PDF version of this article: From the Editor - Should we speak up for the horse? THH74_EditorSpr2019

It sounds like a simple question... yet it is anything but! When faced with clear, distinct equine (or animal) abuse, most of us feel very compelled to speak out. But there are a million shades of gray, and one person’s source of pride is another person’s very definition of abuse.

It’s a complicated world right now, further exaggerated by modern social media. We often hear only one side of a story. Horrible truths are concealed; negative revelations are blown out of proportion, such as cherry-picked video footage or click-bait headlines. Emotion adds to the problem; some days, it seems like a constant stream of anger, condemnation and accusation. In the online world, at least, people have taken to falling into “packs” who share the same opinions: Democrats vs. Republicans, Vegans vs. Paleo, Competitive Riders vs. Natural Horsemanship, and of course, Equine Barefooters vs. Equine Shoers. One would think we could all stand behind a common cause, such as horse abuse.

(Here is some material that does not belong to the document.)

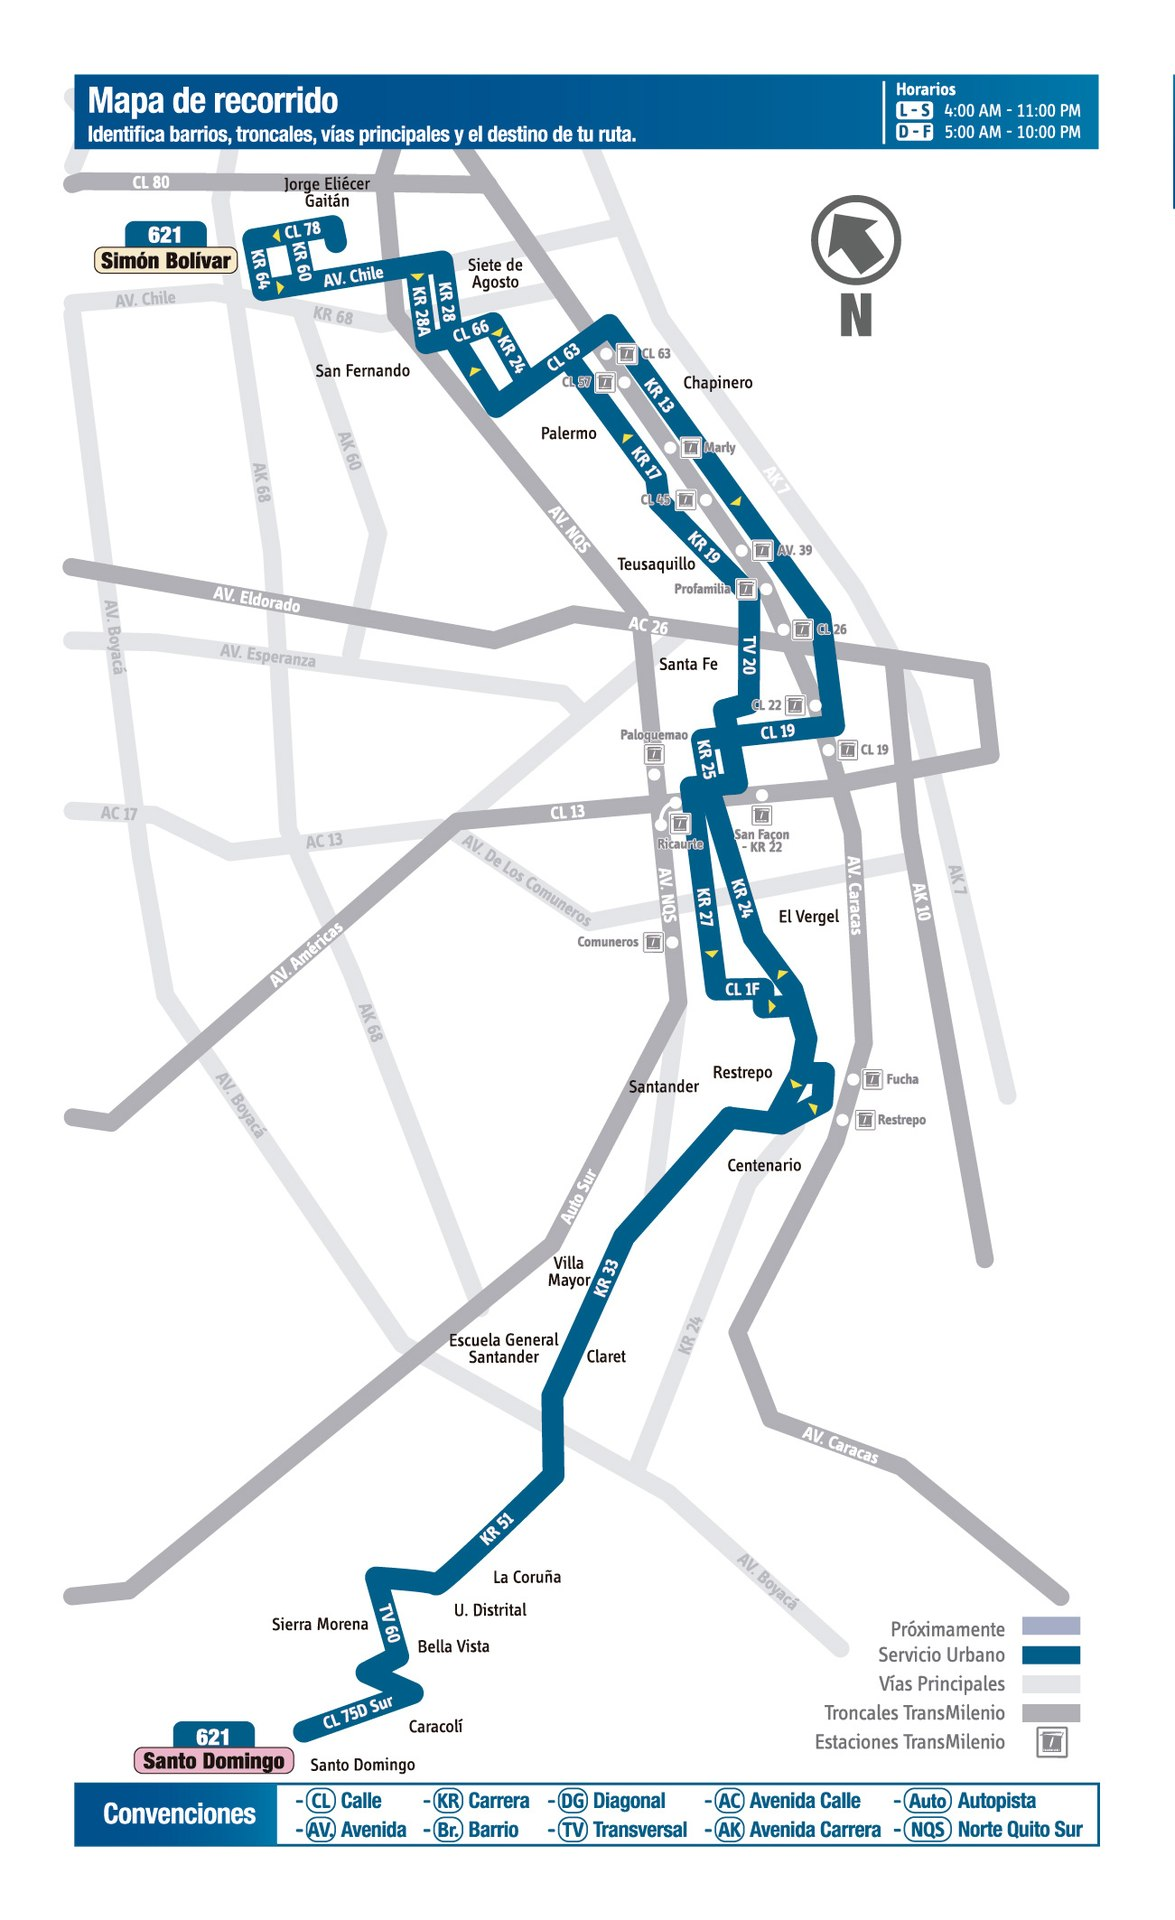 Ruta SITP: 621 Simon Bolívar ↔ Santo Domingo [Urbana] 3

But... who defines what is abuse?

Over the years, The Horse’s Hoof has received stories that fall into the gray areas and been reluctant to publish them, even though we support their intent whole-heartedly. Sometimes opening a new can of worms is just not worth the price.

Intent is often overlooked, and exacerbated by these “labels”. Case in point: recently on The Horse’s Hoof Facebook Page, we simply re-posted (shared) a post that showed up in our news feed - a photo depicting a group of horses resting in between bull fights. The copy was a slightly horrific description of treatment that such horses receive, many ending in death in the ring. I try not to dwell on it, but I’ve read enough description in various locations to know that the copy was true, at least for some horses. This was a small, innocuous photo, and just a small paragraph of text - not a big post - with no graphic details. I simply commented, “My heart breaks for these horses.” Absolute truth, and I stand by that 100%.

Well, stand aside as the internet explodes. The post went viral (for us) and when I checked back, there were hundreds of comments, with many negative comments - people attacking The Horse’s Hoof for daring to post such a thing, and many saying they were “unfollowing” The Horse’s Hoof because of it. I kid you not. A large percentage of people were violently offended that the post came from a “vegan” news Facebook page – therefore it must be false (because anything “vegan” was bad)? I’m not a vegan, and their post had nothing to do with veganism. It wasn’t even sensationalistic; it was simple, with a basic message that bull-fighting was bad for horses. You’d think everyone would agree, right? As violent as the explosion was, one would think I had posted bloody photos of horses being gored by bulls or something equally horrific!

In this world, you are damned if you do, and damned if you don’t. Because the ruckus was getting louder, I solved the problem by simply deleting the entire post, comments and all. Bye bye. For the people who actually unliked The Horse’s Hoof Facebook Page because of one single post that was actually pro-horse? Maybe they confused us with someone else? Or did not understand that The Horse’s Hoof was created to support the HORSE and (politely) contradict the humans that have mismanaged the horse. There was nothing rude, or gross, or out of line in that post. It simply offended some people who chose to take it a certain way. Am I responsible for that? No, my responsibility lies with the horse, and I will continue to live that way.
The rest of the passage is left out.